Tour de Romandie Ilnur Zakarin 052015
Ilnur Zakarin lors du Tour de Romandie | AFP - Tim de Waele

Tour de Romandie : qui pour succéder à Zakarin ?

Publié le , modifié le

Ce mardi sera donné le coup d’envoi de la 70e édition du Tour de Romandie. Du 26 avril au 1er mai, le peloton arpentera les routes et les cols suisses et les prétendants à la victoire finale seront une fois de plus nombreux. En 2015, c’était le Russe Ilnur Zakarin (Katusha) qui s’était imposé. Cette année, le double vainqueur de l’épreuve Christopher Froome (Sky), Richie Porte (BMC), Nairo Quintana (Movistar), Rui Costa (Lampre) ou, chez les Français, Thibaut Pinot (FDJ) seront à surveiller de près. Tout comme le Slovène Simon Spilak (Katusha), vainqueur en 2012 et deuxième à trois reprises (2013, 2014, 2015).
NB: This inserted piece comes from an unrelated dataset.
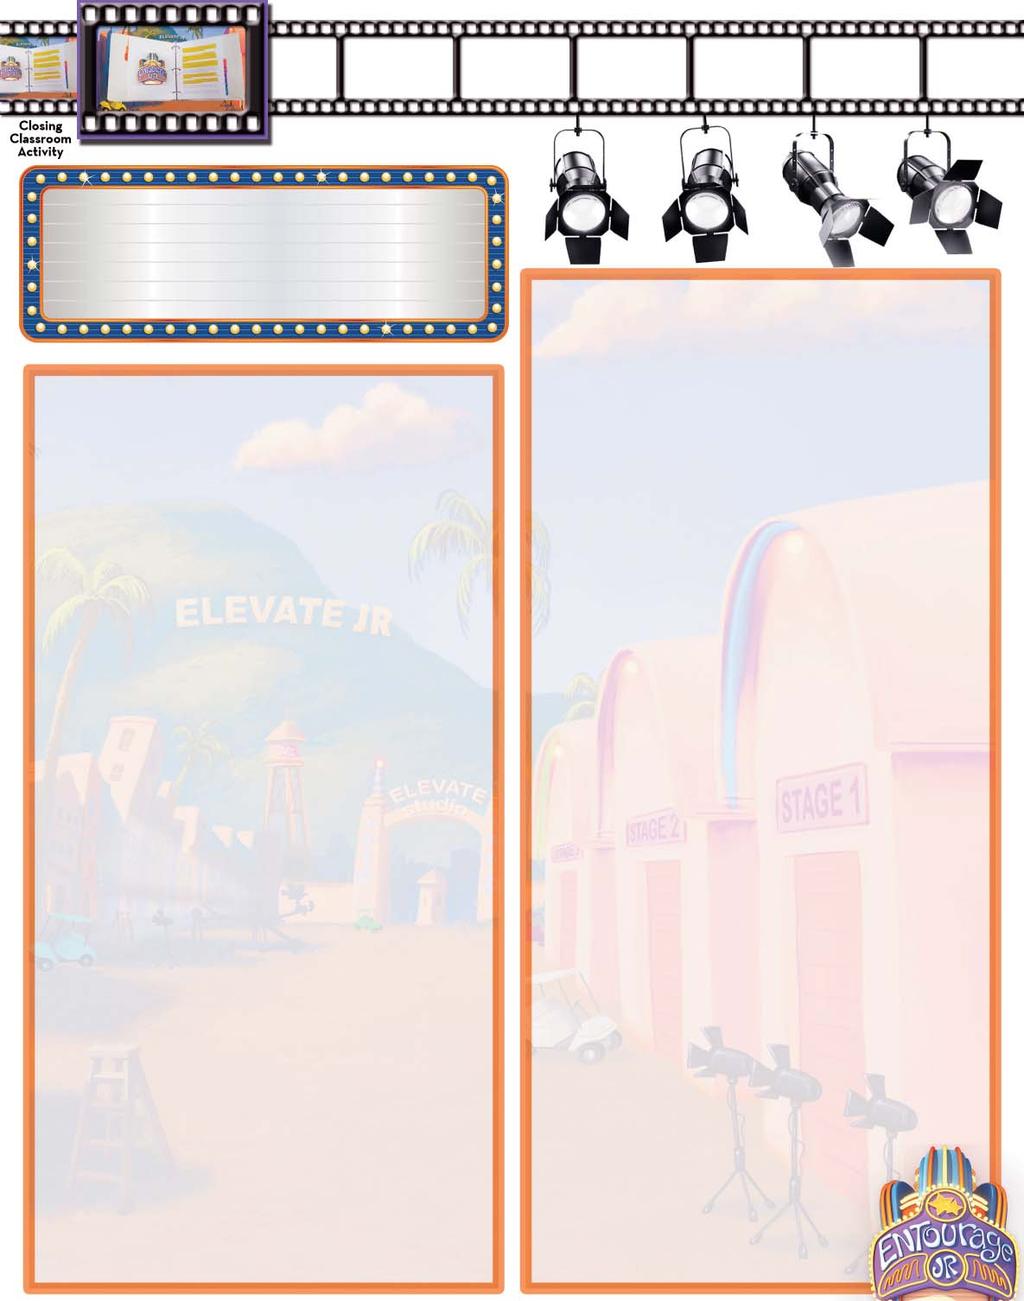 Pick Up Time Classroom Activity Movie Memory Game This activity will help the children remember their lesson for the day while they are waiting to be picked up.
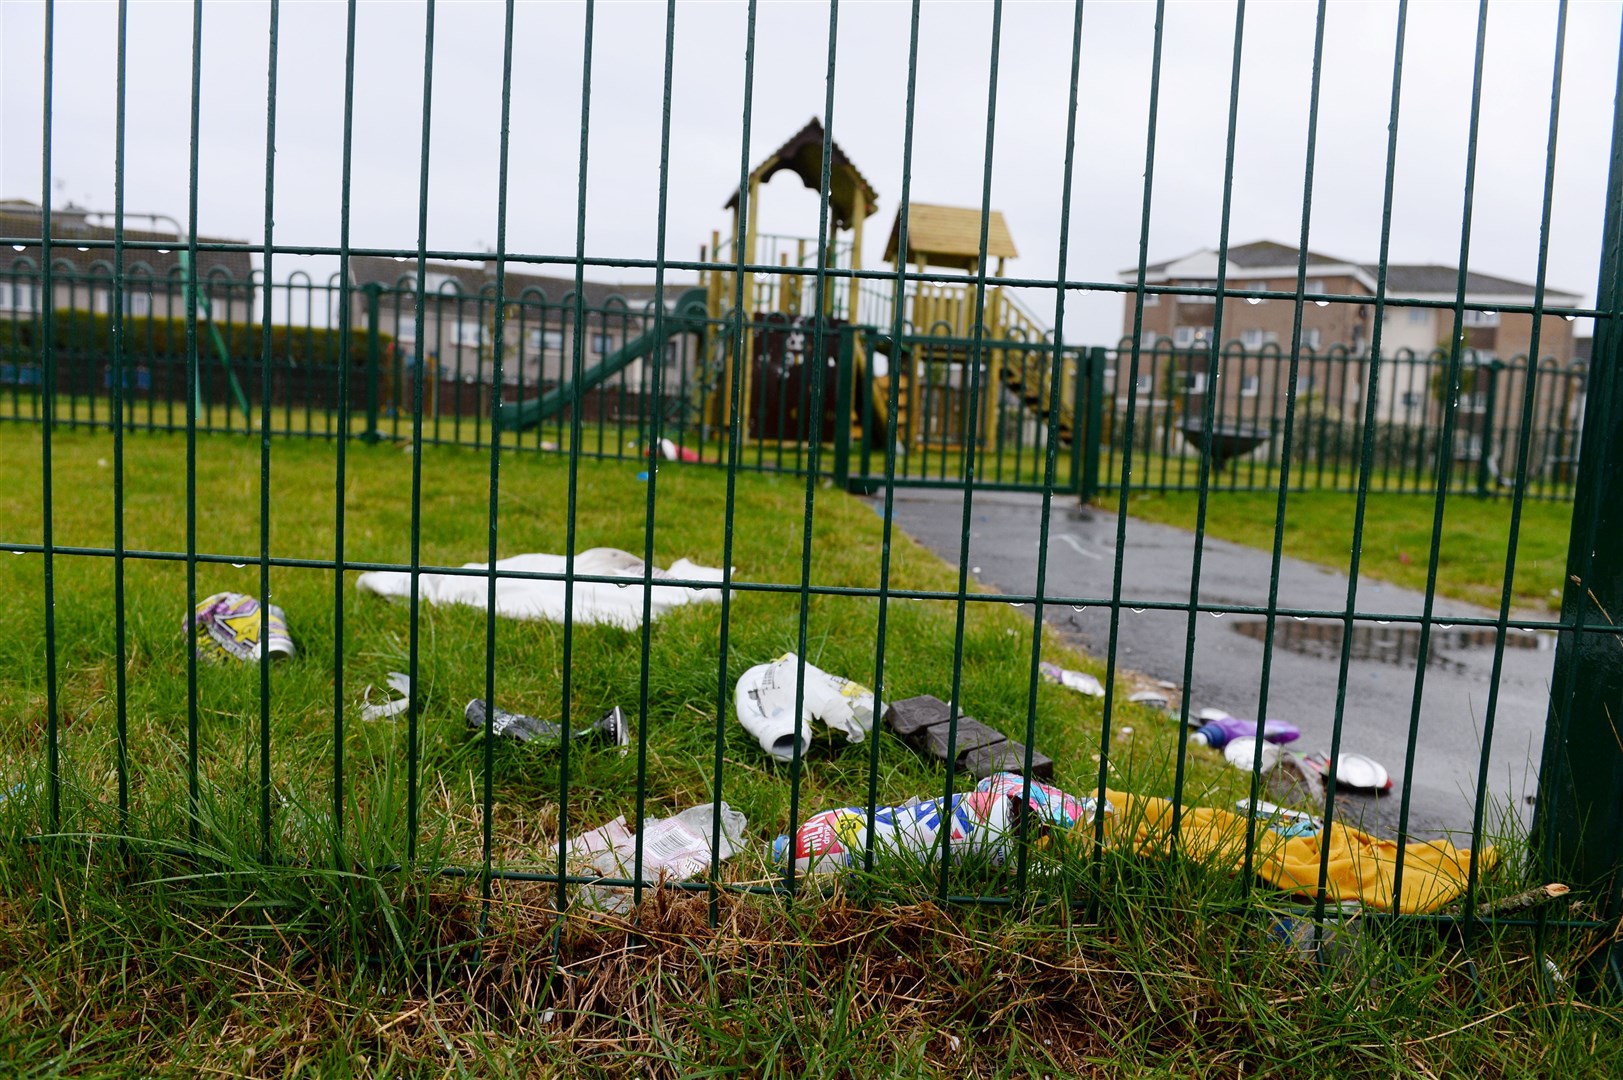 Benula play area in Inverness was padlocked after vandalism in October. Picture: Gary Anthony

Les cadors dans les starting-blocks

"Cela fait 4-5 ans que le Tour de Romandie sert de répétition avant la Grande Boucle, mais c'est encore plus accentué cette année, expliquait il y a quelques jours Richard Chassot, le directeur de l'épreuve. Les meilleurs ne viennent pas seulement pour accumuler des kilomètres, ils viennent pour se tester, pour se rassurer et donc pour jouer la gagne". 

Parmi les noms les plus cités pour le palmarès 2016 du Tour de Romandie et en l'absence d'Alberto Contador et de Vincenzo Nibali, Christopher Froome (Sky) est en excellente position. Le coureur britannique s'est déjà imposé sur les routes suisses en 2013 et 2014 et se verrait bien empocher un troisième succès. Pour ce faire, il offrira au public un "duel de rêve" avec le Colombien Nairo Quintana. Et pour cause : le grimpeur de la formation Movistar semble, lui aussi, en bonne forme après son succès au Tour de Catalogne et sa 3e place au Tour du Pays basque. 

Grosse concurrence

Outre ces deux favoris, le Portugais Rui Costa, trois fois troisième de l'épreuve et 3e dimanche dernier de Liège-Bastogne-Liège, aura les armes pour venir se mêler à la bataille. Idem pour Tejay Van Garderen et Richie Porte de l'équipe BMC. A domicile, Michael Albasini (Orica-GreenEdge) aura sans doute à coeur de briller devant son public, lui qui n'a encore jamais inscrit son nom au palmarès de l'épreuve mais qui a déjà remporté 5 étapes. 

Côté français, les principales chances de victoire reposeront sur les épaules de Thibaut Pinot (FDJ) et de Romain Bardet (AG2R-La Mondiale). Le premier a récemment terminé 4e du Tour du Pays basque et 5e de Tirreno-Adriatico tandis que le second reste sur une belle 9e place sur Paris-Nice. 

Le tenant du titre, Ilnur Zakarin, fera également partie de la longue liste des prétendants à la victoire finale. Depuis le début de la saison, le coureur russe de la formation Katusha a en effet prouvé qu'il avait les jambes pour réaliser de belles choses. Avec une victoire d'étape sur Paris-Nice, une 5e place sur Liège-Bastogne-Liège ou encore une 7e place au Tour de Catalogne, Zakarin sera sans aucun doute un réel candidat à sa propre succession. Mais, comme l'an passé, il lui faudra garder un oeil bien ouvert sur le Slovène Simon Spilak (Katusha), vainqueur en 2012 et deuxième à trois reprises (2013, 2014, 2015).

La météo en trouble-fêtes ?

Pour la 70e édition, le peloton débutera, ce mardi, par un prologue de 3,95 km dans les rues de La Chaux-de-Fonds. Problème : celui-ci pourrait être modifié ou annulé en raison de mauvaises conditions météorologiques. La ville où doit se tenir le prologue a en effet été touchée par la neige depuis dimanche, neige qui devrait continuer à tomber jusqu'à la date de la compétition. L'organisation de la course va devoir se concerter dans les heures à venir afin de prendre une décision quant à la tenue ou non de ce prologue. 

Ensuite, mercredi, les coureurs auront 167km à parcourir entre La Chaux-de-Fonds et  Moudon, avant d'entamer les choses sérieuses : deux étapes de montagnes, entrecoupées d'un contre-la-montre de 15km dans les coteaux sédunois. Le verdict final de la boucle romande sera rendu, dimanche, sur les quais genevois.